Acceder a una vivienda digna en España se está volviendo cada vez más complicado, según un arsenal de datos estadísticos procedentes del Gobierno, del Banco de España, del sector inmobiliario y hasta de los agentes sociales. Contrariamente a lo que sucedía en los años de la burbuja inmobiliaria, los problemas se concentran hoy en las ciudades más grandes y en las zonas turísticas más estresadas, tanto en la compra como en el alquiler, con una subida de precios sostenida durante los últimos años y especialmente acusada en Madrid, Barcelona, Málaga, Valencia, y en algunas zonas de Baleares y Canarias: ese incremento, unido a la falta de vivienda social, hace que la proporción de personas que realizan un sobreesfuerzo para pagar el alquiler haya aumentado significativamente y alcance ya una de las tasas más elevadas de Europa. Reducir esa dificultad es crucial para mejorar las tasas de natalidad, favorecer la capacidad de consumo y ahorro de los hogares, y evitar, por esta vía, un incremento de la desigualdad. El sobrecalentamiento de los precios inmobiliarios implica una dificultad creciente de los jóvenes para acceder a una vivienda, a la que se suma una de las tasas de paro más elevadas del Atlántico Norte y una de las tasas de precariedad más altas de Europa.
Con esos mimbres, no es extraño que la vivienda haya sido el principal escollo para el acuerdo entre el PSOE y Unidas Podemos sobre el proyecto de Presupuestos Generales del Estado, esencial para pacificar lo que resta de legislatura. El paquete anunciado conjuga medidas populares, como el bono para el alquiler, con instrumentos de más calado, como los incentivos para sacar viviendas vacías al mercado y para aumentar el parque de vivienda social. Hay que subrayar el acuerdo político alcanzado, aunque en el debe cabe destacar que falta hoy concreción en las principales propuestas.
La vivienda es una prioridad política para los dos socios del Gobierno. Los habituales trompetistas del apocalipsis afirman que esas medidas pueden ahuyentar a potenciales inversores y que distorsionan el sacrosanto juego de la oferta y la demanda. El mercado, sin embargo, no parece que haya funcionado especialmente bien en los últimos tiempos, y no solo por una estructura de incentivos que llevó hace 15 años a la burbuja inmobiliaria. En Alemania y en varios países europeos hemos visto propuestas en la línea de lo que plantea el Ejecutivo de Pedro Sánchez.

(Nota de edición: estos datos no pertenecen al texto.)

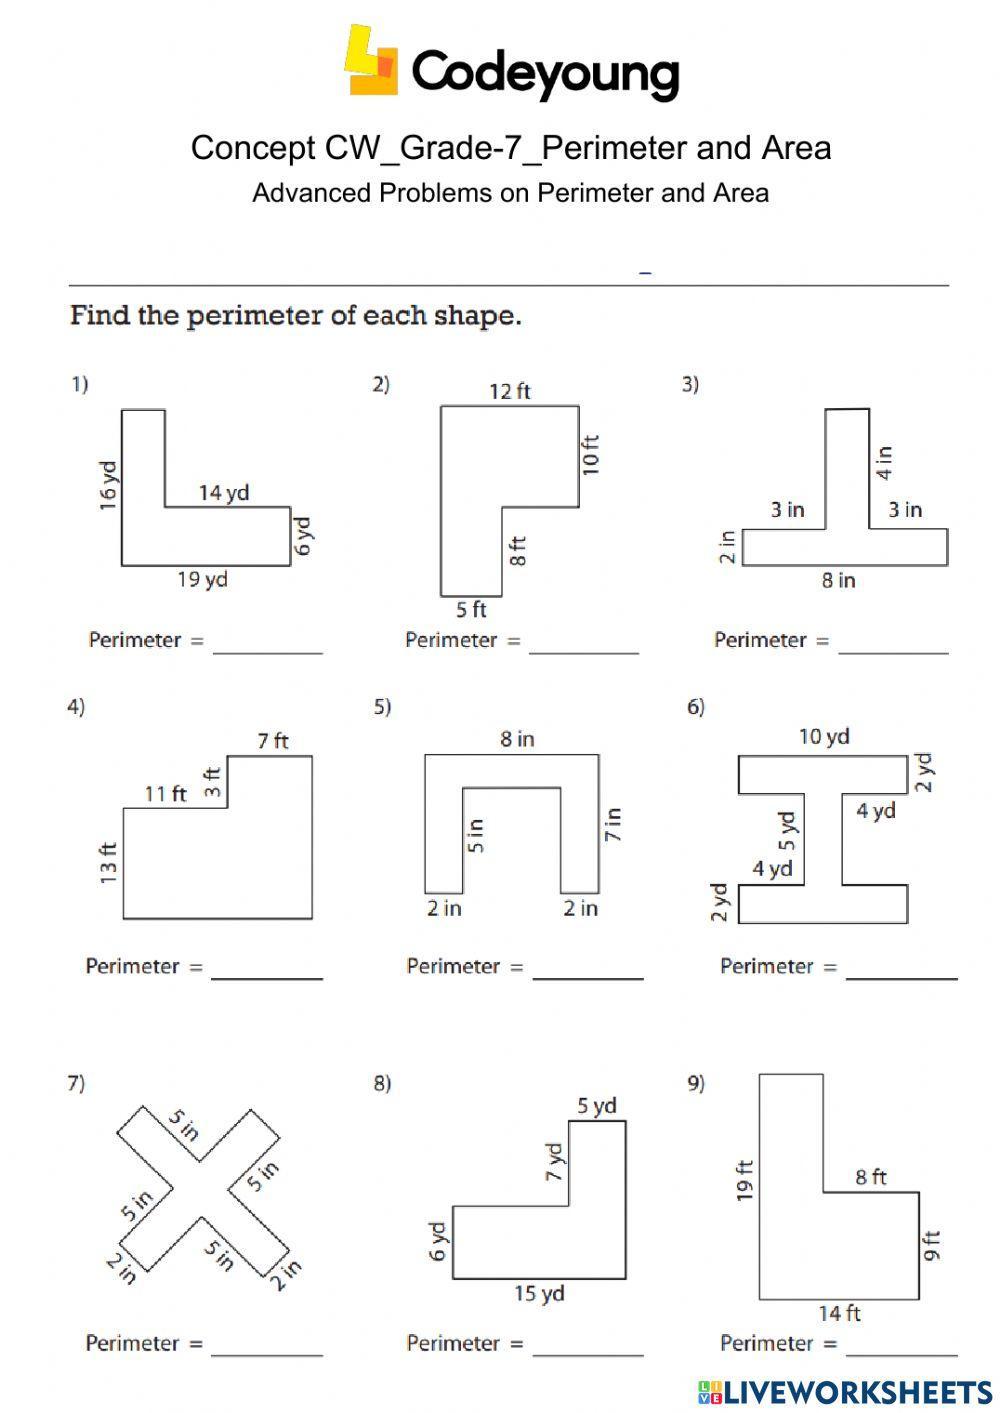 Advanced Problems on Perimeter and Area Concept CW worksheet | Live ...

En el acuerdo hay algunos elementos cuestionables, como la previsión de rebajas de los alquileres de los denominados grandes propietarios, pero no por tratarse de un ataque a la propiedad privada, sino porque sus efectos serán más simbólicos que reales. Los grandes propietarios controlan menos del 15% del stock de viviendas, y la aplicación de la rebaja dependerá de ayuntamientos y comunidades autónomas en las áreas tensionadas: es previsible que su aplicación sea muy limitada, en particular tras anunciar Pablo Casado la insumisión del PP y sus comunidades a la aplicación de una ley estatal.
Menos discutible es la utilización de instrumentos fiscales, como la desgravación, para fomentar el mantenimiento de las rentas, aunque también en este caso habrá que esperar a la redacción final de la ley para descartar que suceda algo parecido a lo que pasó con las desgravaciones fiscales de hace dos décadas, que iban directamente al bolsillo de los vendedores y arrendadores. El anunciado “bono joven” debería articularse evitando las deficiencias que lastraron una medida similar impulsada en 2008, y es quizá la medida más popular, pero la sustancia de la nueva regulación está en otra parte: la acción combinada del fomento decidido de la vivienda social orientada hacia los jóvenes (con la necesaria contribución de todas las administraciones). Los detalles de la ley darán la medida de su ambición y de su utilidad para atajar el problema.